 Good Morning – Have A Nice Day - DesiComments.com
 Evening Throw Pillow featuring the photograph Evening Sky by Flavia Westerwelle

· · · · ·

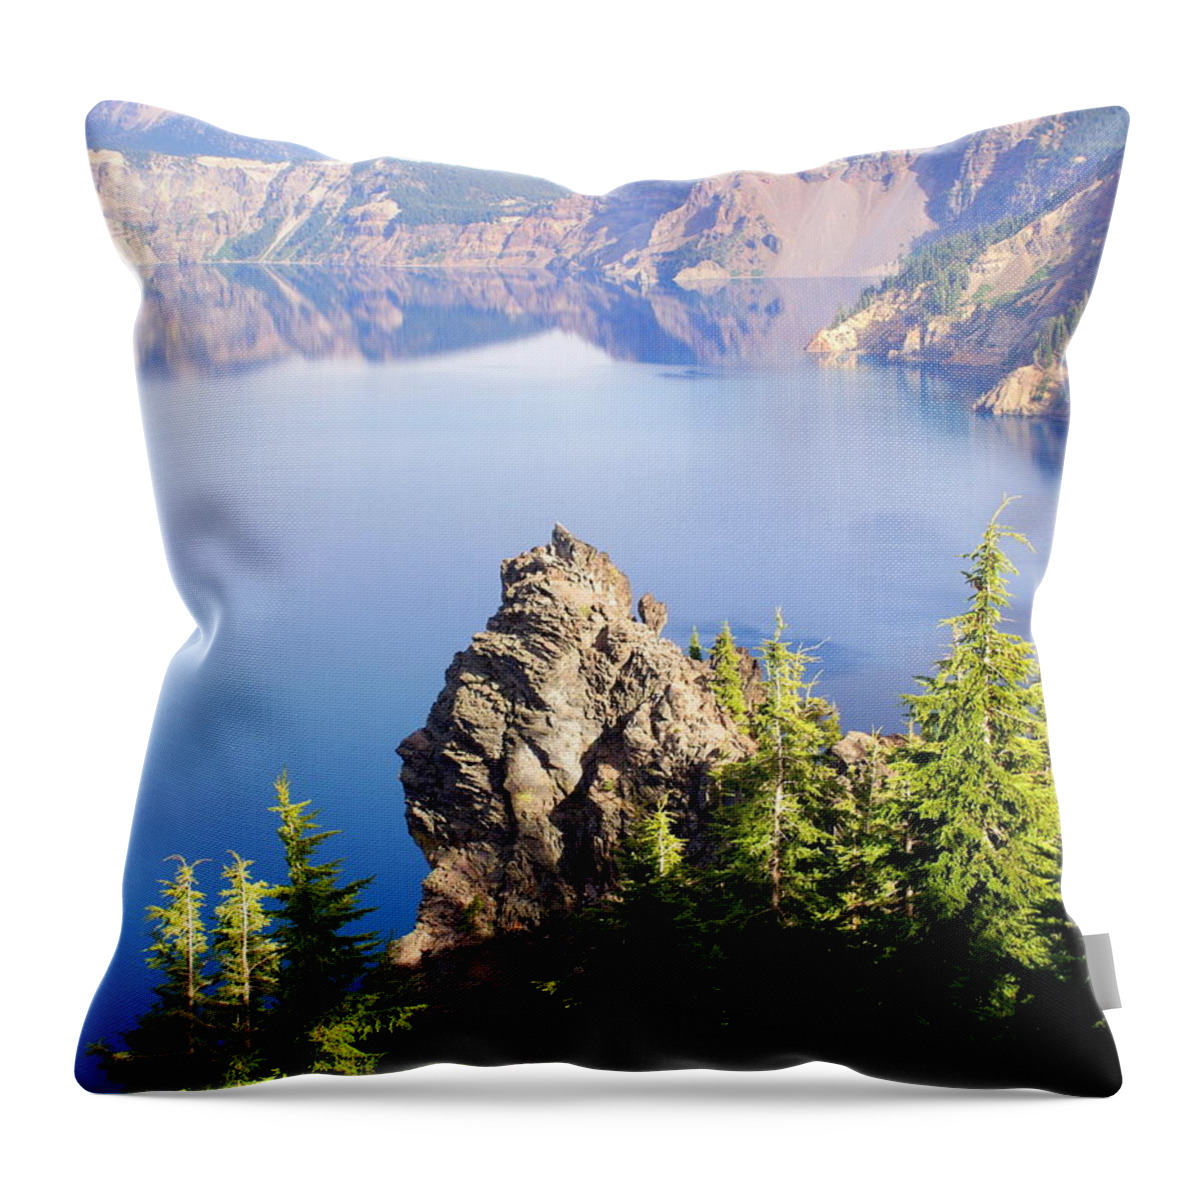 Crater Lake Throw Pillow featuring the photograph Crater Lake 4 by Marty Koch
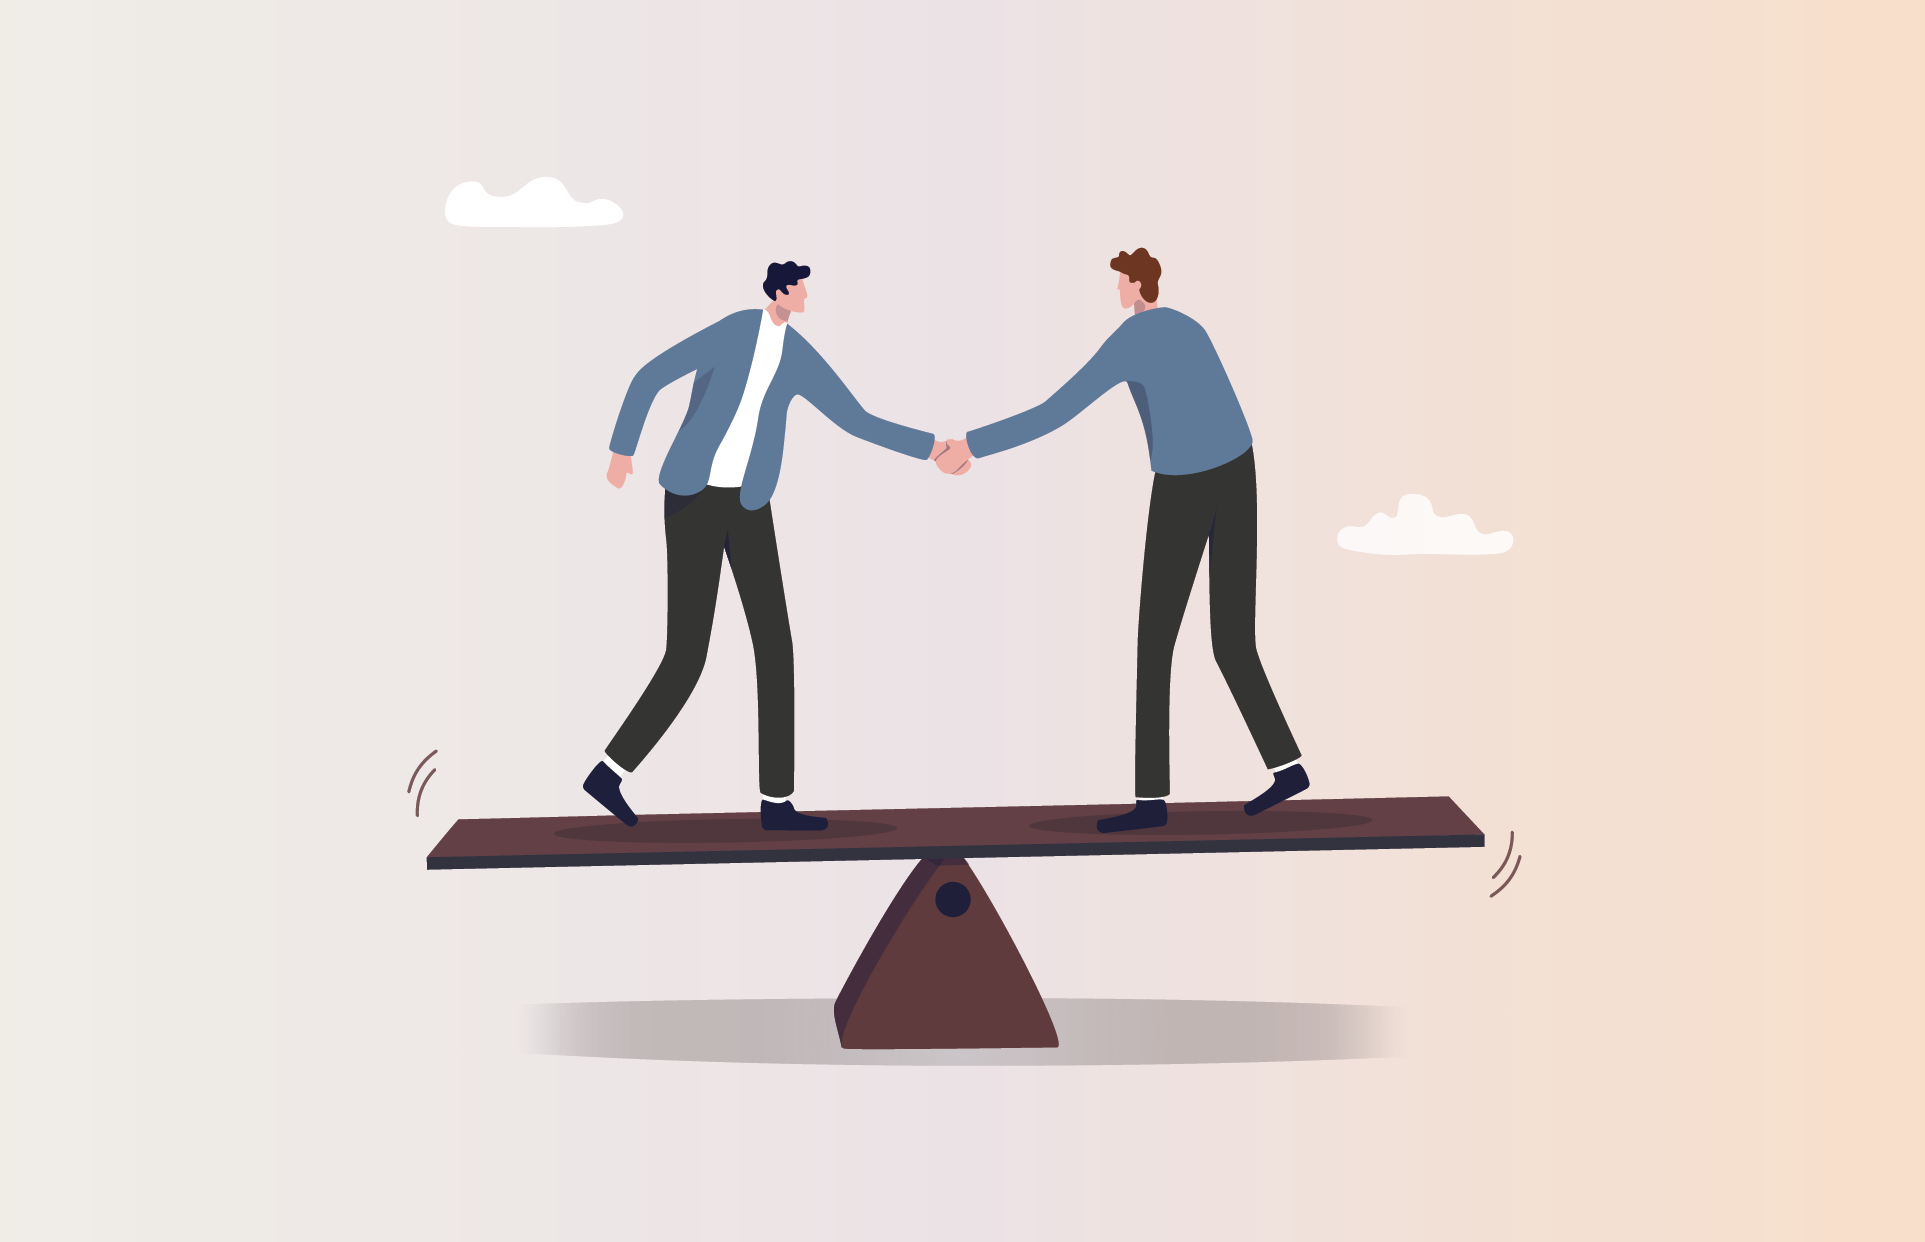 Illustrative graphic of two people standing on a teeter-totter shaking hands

· · · · ·

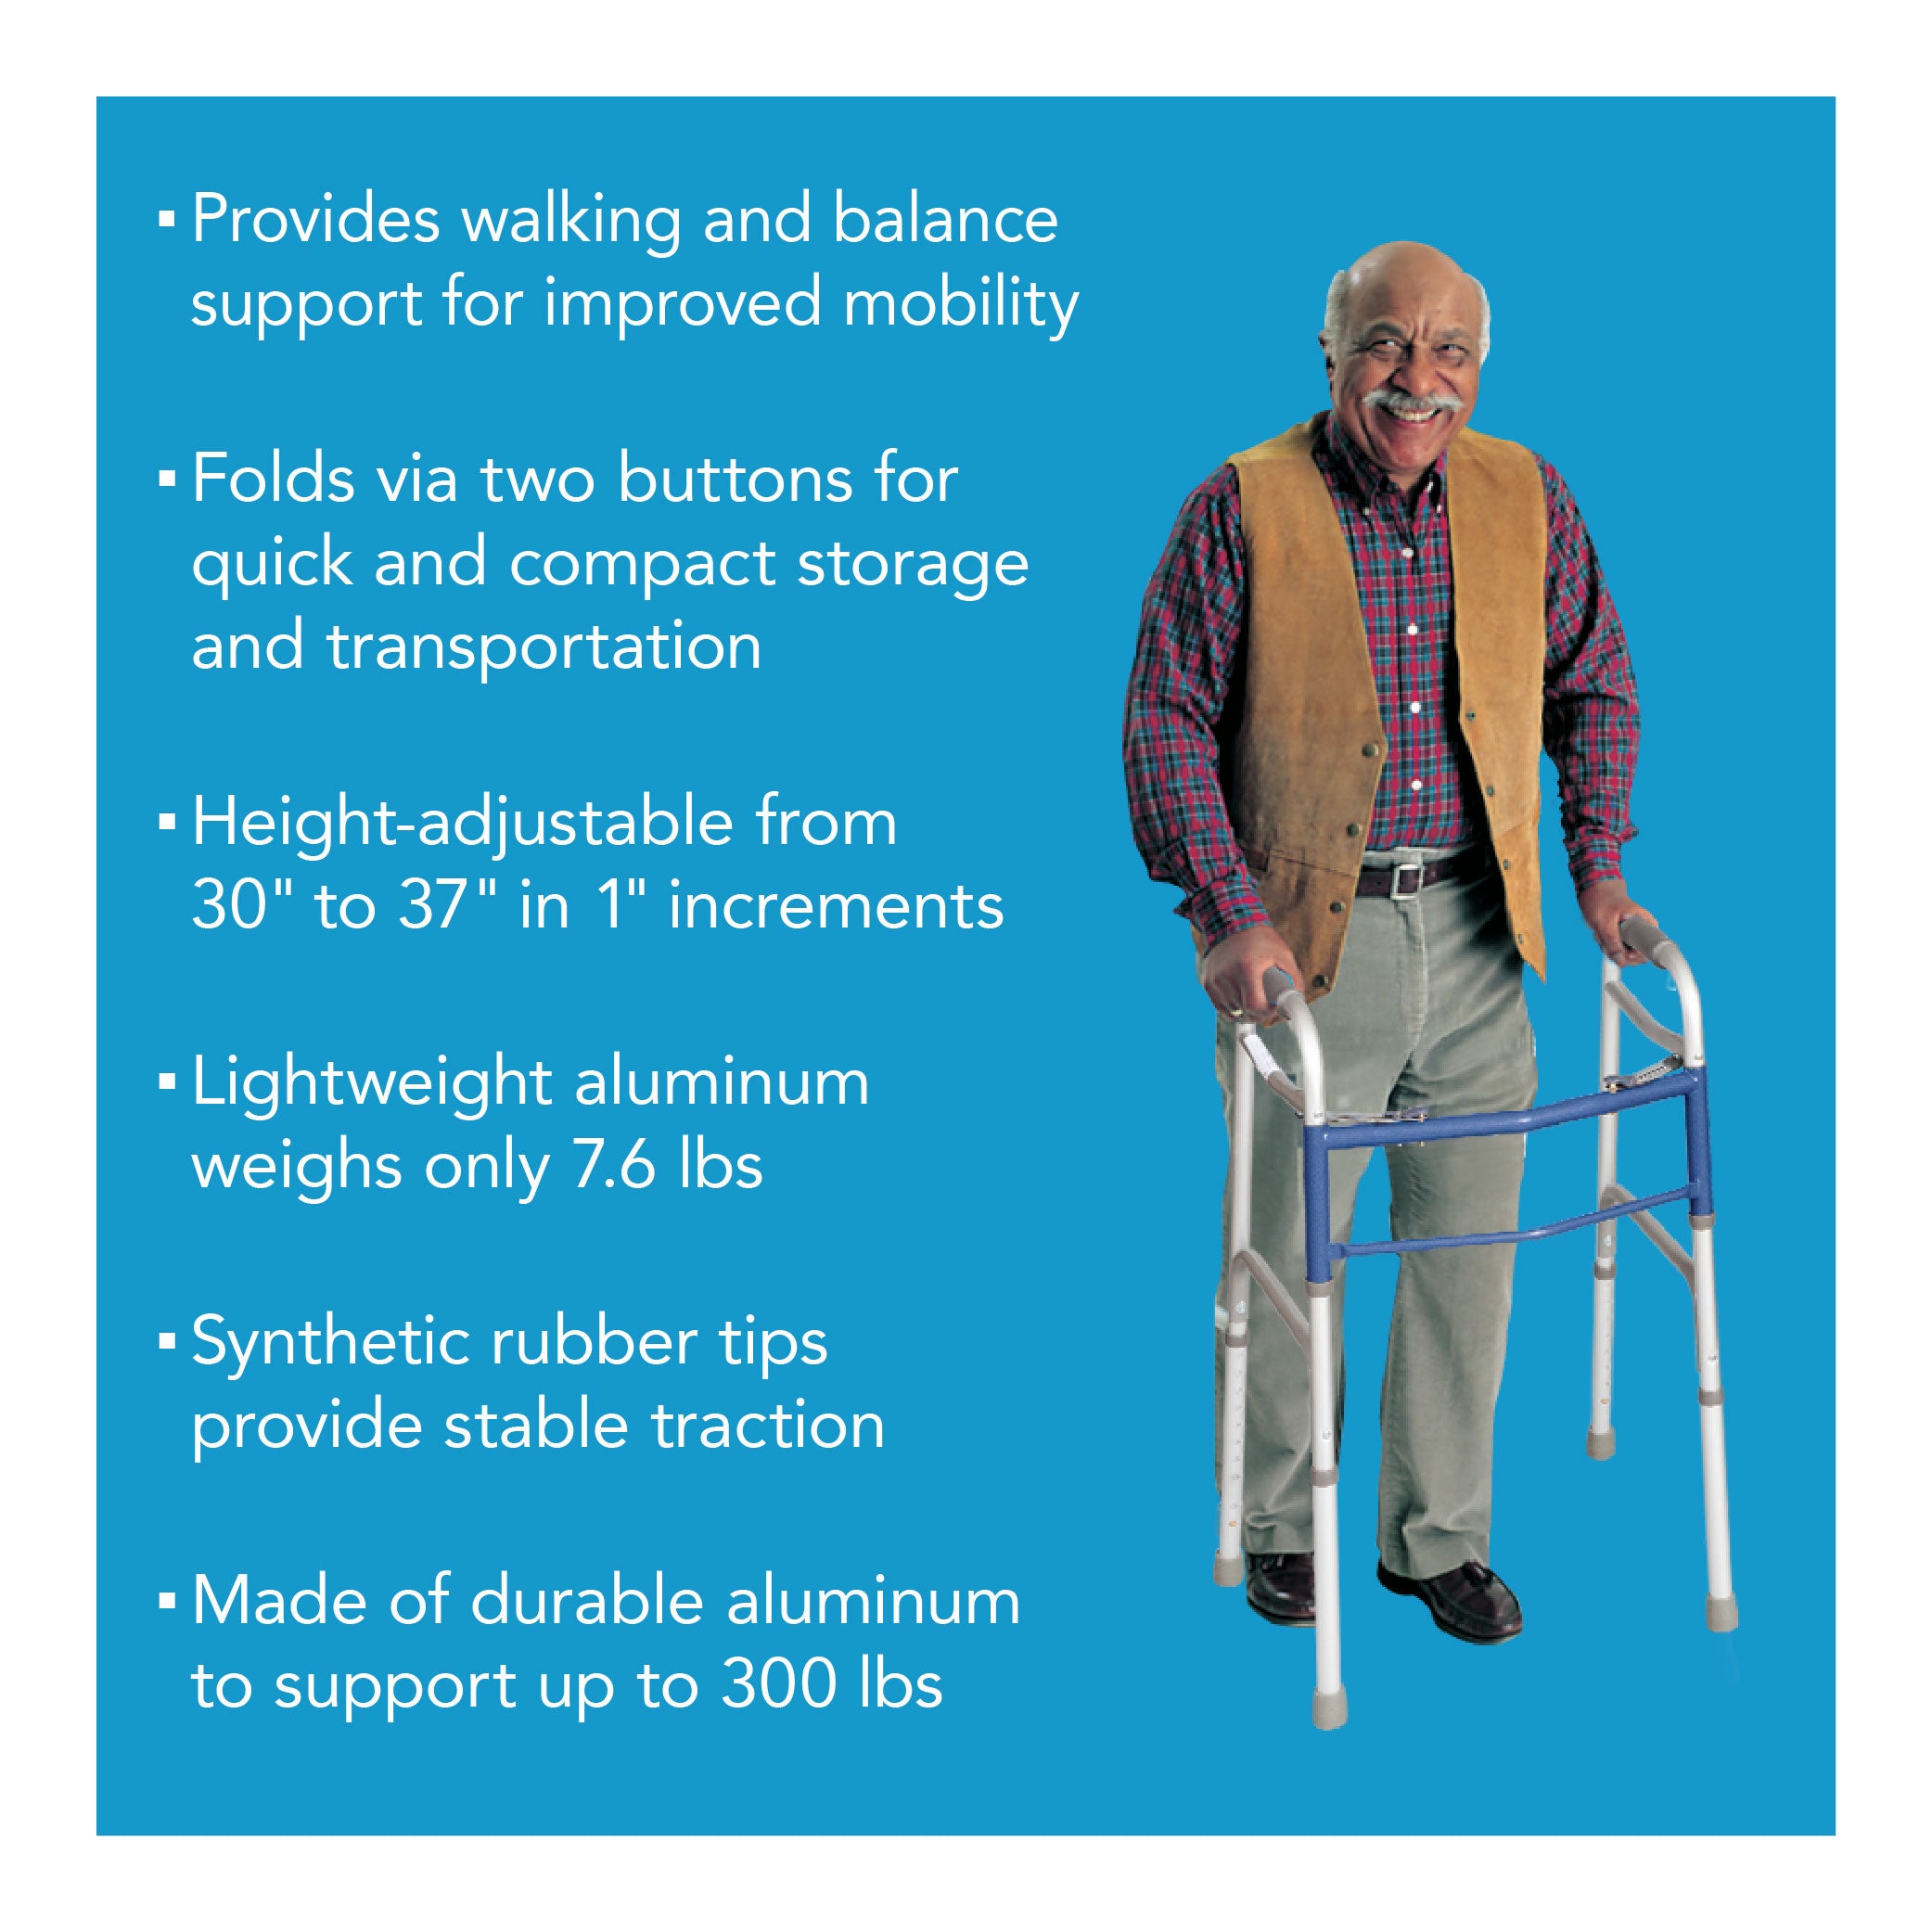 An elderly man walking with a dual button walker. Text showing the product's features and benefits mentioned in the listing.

· · · · ·

● **Goal of the exercise**
Return word for word the lines above from the line with "Good Morning –" to the line with "Evening Throw Pillow", including both and leaving out all others.

● **Exercise response**
 Good Morning – Have A Nice Day - DesiComments.com
 Evening Throw Pillow featuring the photograph Evening Sky by Flavia Westerwelle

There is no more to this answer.